テーブルリーグゲーム
発売年不明/発売元不明
最初期の野球盤?
発売年・発売元ともに不明、謎だらけの野球盤。
サイズは35cm×35cmと小ぶり、筐体は厚紙、盤面裏には添え木。
所有する野球盤の中では別項にある「ポリー野球盤」が最も古いかと思っていたが、どうやら本機の方がさらに時を遡ることになりそうだ。
試合開始が「開戰」
付属の説明書は次のように記されている。
「この『ゲーム』は野球の縮小版であります。

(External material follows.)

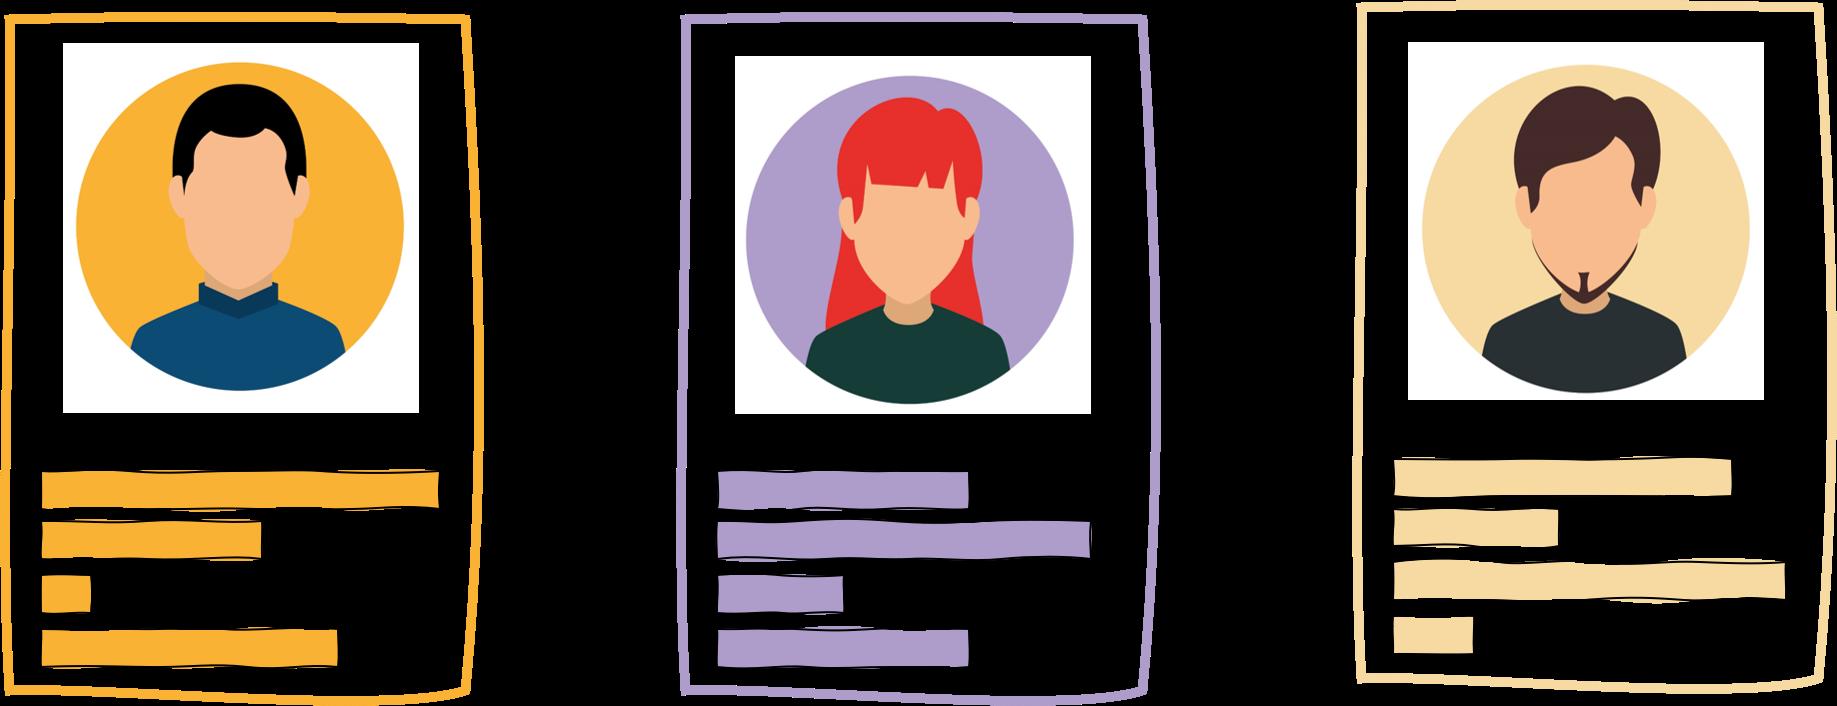 header-image-profiles

実際に球を投げ、バツト(原文ママ)で打つ、実践そのまゝ(原文ママ)の競技が出来、室内でリーグ戦が熱狂の裡に行われ、家族の人気の中心となります」
家族の人気の中心という言い回しからすると、本機が発売されたのは一般家庭にテレビが普及する以前であろうと容易に想像できる。
また、この後さらに読み進めと、競技方法が詳しく書かれているが、今日なら恐らく「試合開始」と表現されるべき箇所がなんと「開戰」となっている。もちろん「戦」の旧字だ。
以上を勘案すると、本機の発売は昭和20年代後半あたりと推測できる。しかしさすがに戦前ということはあるまい(未確認)。
野球盤の原風景
金属製のツメを自分の指で弾く形式の投球装置。極めてシンプルながらも、ツメを弾く強度により多少は投球速度に変化をつけられる。もちろん投球コースまではコントロールできず、直球一本勝負。
そうして投げ出された球を、その辺に転がっている木を荒っぽく削り出したかのようなゴツゴツしたバットでひっぱたく-。
まだテレビのない当時、夕食後、食器を片付けたちゃぶ台に乗せた本機を囲み、親子でゲームに興じる至福のひと時。
野球盤の、というよりむしろ、今となっては懐かしくも麗しい、一家団欒の原風景(という名の幻風景)が目に浮かぶ。